## Task to complete
Quote the entries below from the line with "ACCUD suwmiarka analogowa" through the line with "3d Visualisation Render", both ends included, and only those lines.

## Data provided
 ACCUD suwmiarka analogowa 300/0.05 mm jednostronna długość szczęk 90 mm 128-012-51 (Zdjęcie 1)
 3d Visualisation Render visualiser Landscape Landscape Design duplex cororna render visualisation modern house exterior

* * *

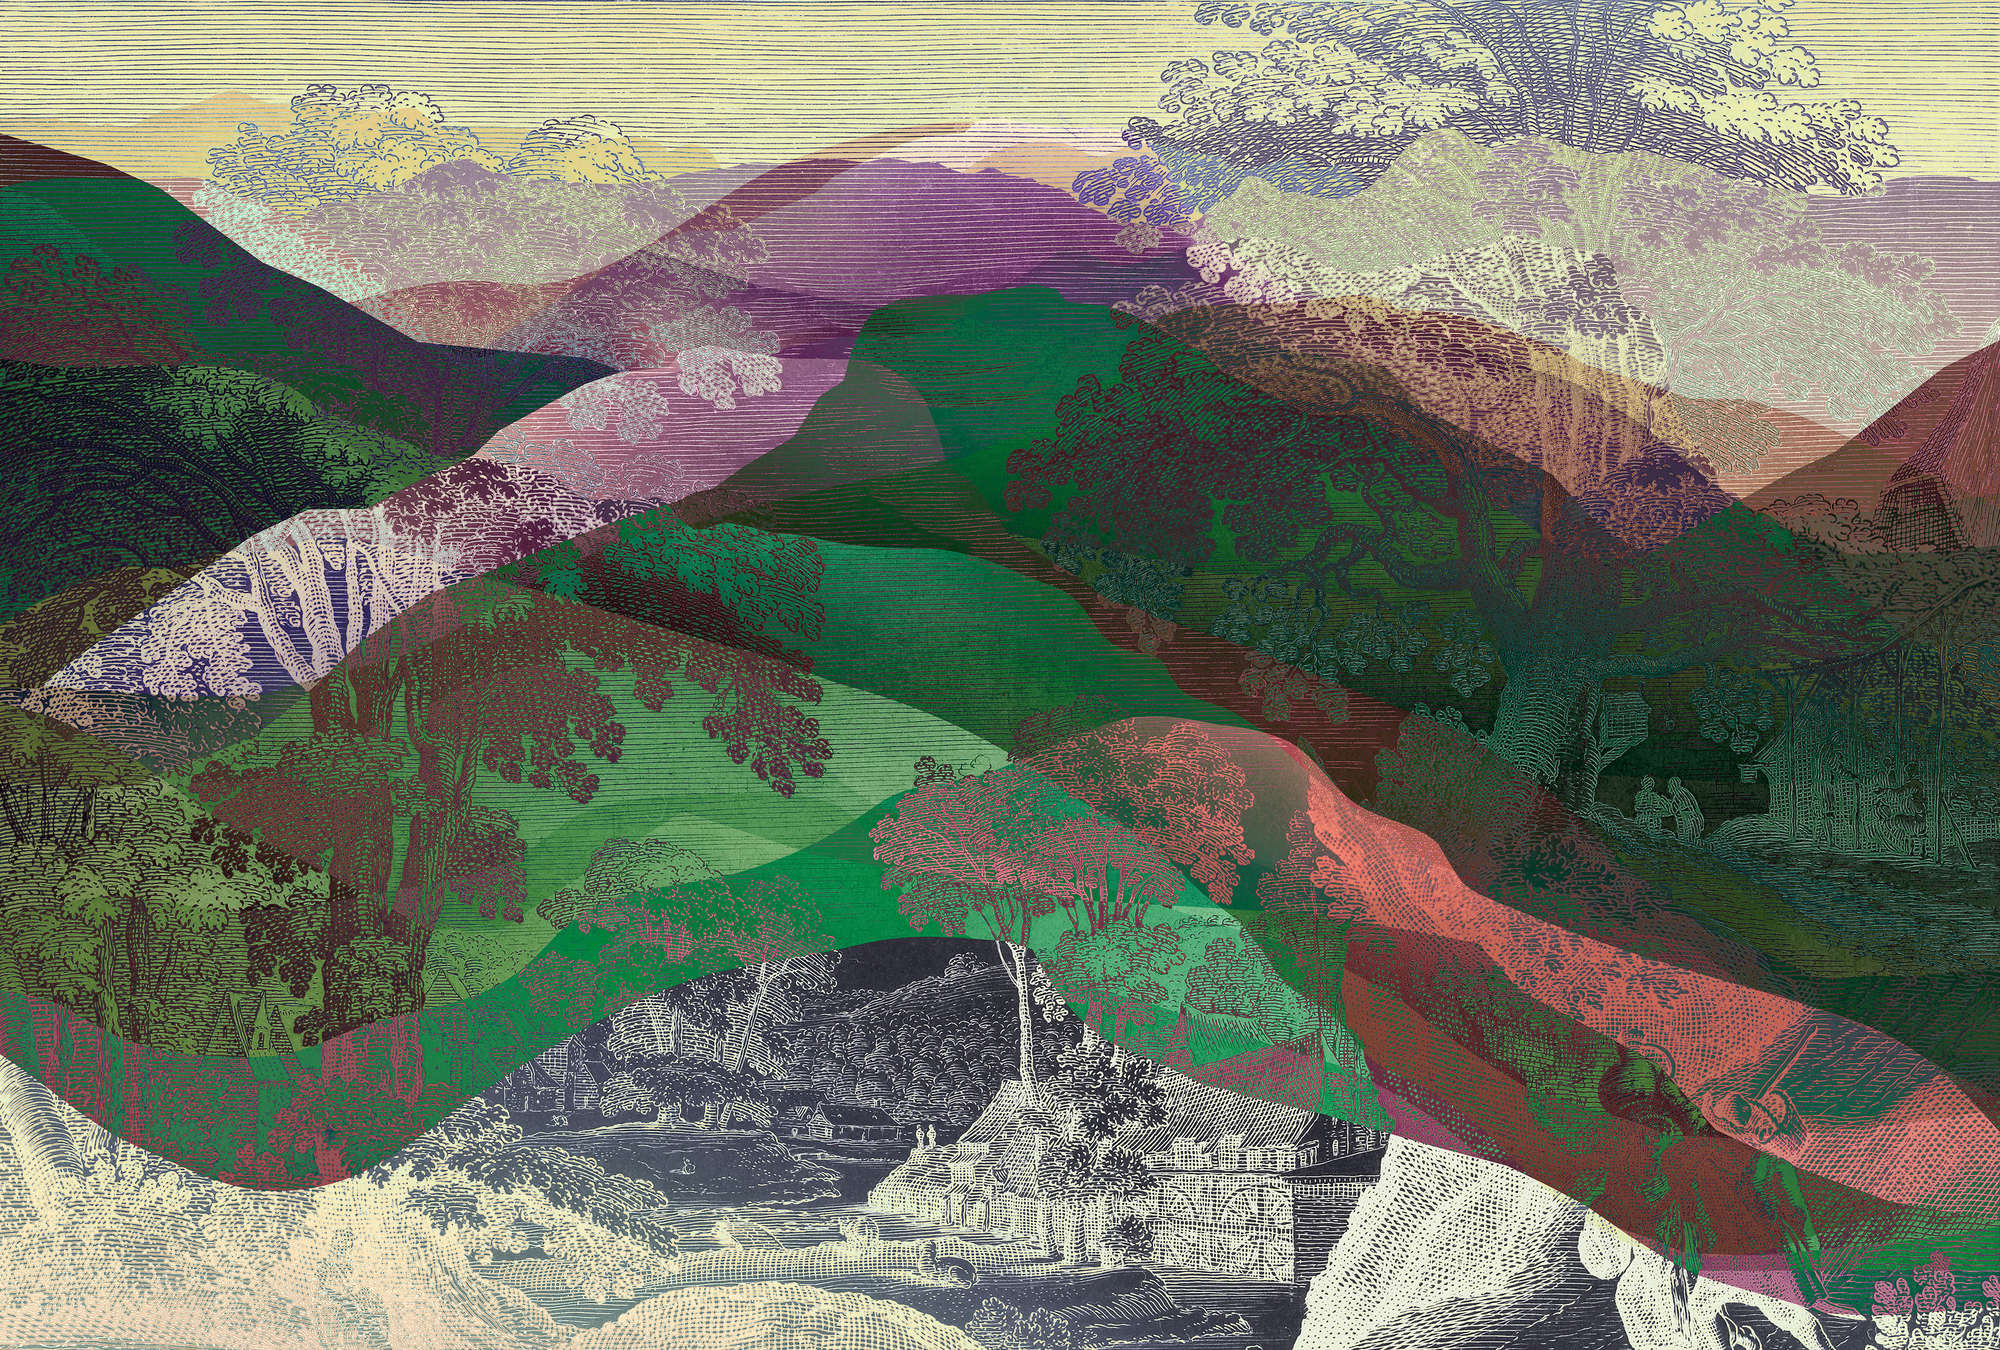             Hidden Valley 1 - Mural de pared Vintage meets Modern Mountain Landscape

## Response box
 ACCUD suwmiarka analogowa 300/0.05 mm jednostronna długość szczęk 90 mm 128-012-51 (Zdjęcie 1)
 3d Visualisation Render visualiser Landscape Landscape Design duplex cororna render visualisation modern house exterior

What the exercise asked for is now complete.